Bonjour,et pardon si le sujet a été traiter

l'application native "Calendrier", la consultation du mois de mars 2013 est impossible. L'application se ferme instantanément ! Aucun problème avec les mois précédents ou suivants.

Apparemment le problème date de bien longtemps IOS 5.0.

Et pas correction avec IOS 6.0

qui a la solution

Merci


----------



## MacJov (21 Octobre 2012)

Bonjour

J'allais poster la même question . Chaque fois que j'ouvre mars 2013 , le calendrier quitte ??
Quel.est le problème ?


----------



## paca83 (22 Octobre 2012)

Sujet VU plus de 250 fois et pas une seul petite réponse pertinente pour avoir une idée de correctif ??? ou pas ))


----------



## lineakd (23 Octobre 2012)

@paca83, la cause est le passage à l'heure d'été, le week-end du 30 et 31 mars 2013.
Le bug apparait sur l'application "Calendrier" sous ios quand on utilise les vues "Mois" et "Année".
Pour éviter le bug, il suffit de désactiver le ou les calendriers de tes événements, programmaient tout la journée du 1er avril 2013. Il aussi possible de supprimer ces événements ou encore de désactiver "Jour entier" sur ceux-ci.


----------



## Cédric74 (26 Octobre 2012)

Surpris de lire ça, je croyais que c'était mon calendrier qui avait un bug. Merci pour la solution.


----------



## paca83 (28 Octobre 2012)

@lineakd

bonjour et merci pour l'info cela fonctionne correctement.
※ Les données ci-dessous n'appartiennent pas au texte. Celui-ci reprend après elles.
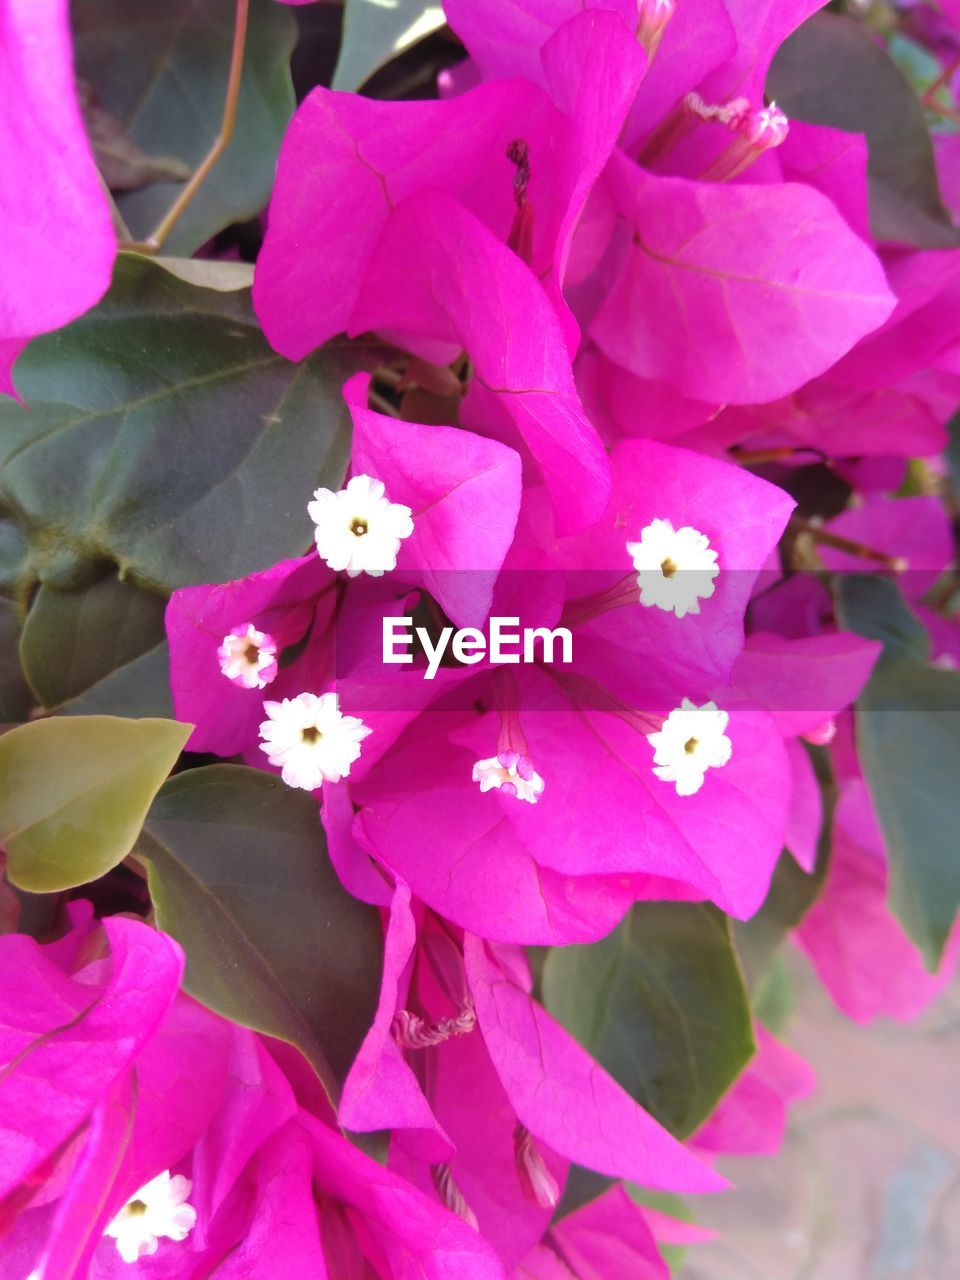 flower, flowering plant, plant, pink, beauty in nature, freshness, petal, fragility, close-up, flower head, growth, inflorescence, nature, no people, leaf, plant part, springtime, outdoors, blossom, day, magenta, pollen, botany, focus on foreground, bougainvillea

#Cédric74  moi aussi j'ai cru a un Bug


bonne journée


----------



## Chmon (7 Février 2013)

lineakd a dit:


> @paca83, la cause est le passage à l'heure d'été, le week-end du 30 et 31 mars 2013.
> Le bug apparait sur l'application "Calendrier" sous ios quand on utilise les vues "Mois" et "Année".
> Pour éviter le bug, il suffit de désactiver le ou les calendriers de tes événements, programmaient tout la journée du 1er avril 2013. Il aussi possible de supprimer ces événements ou encore de désactiver "Jour entier" sur ceux-ci.



Euh, pardon, en français ça donne quoi (programmaient-programmés... ?), qu'est-ce qui est programmé ?
Ch


----------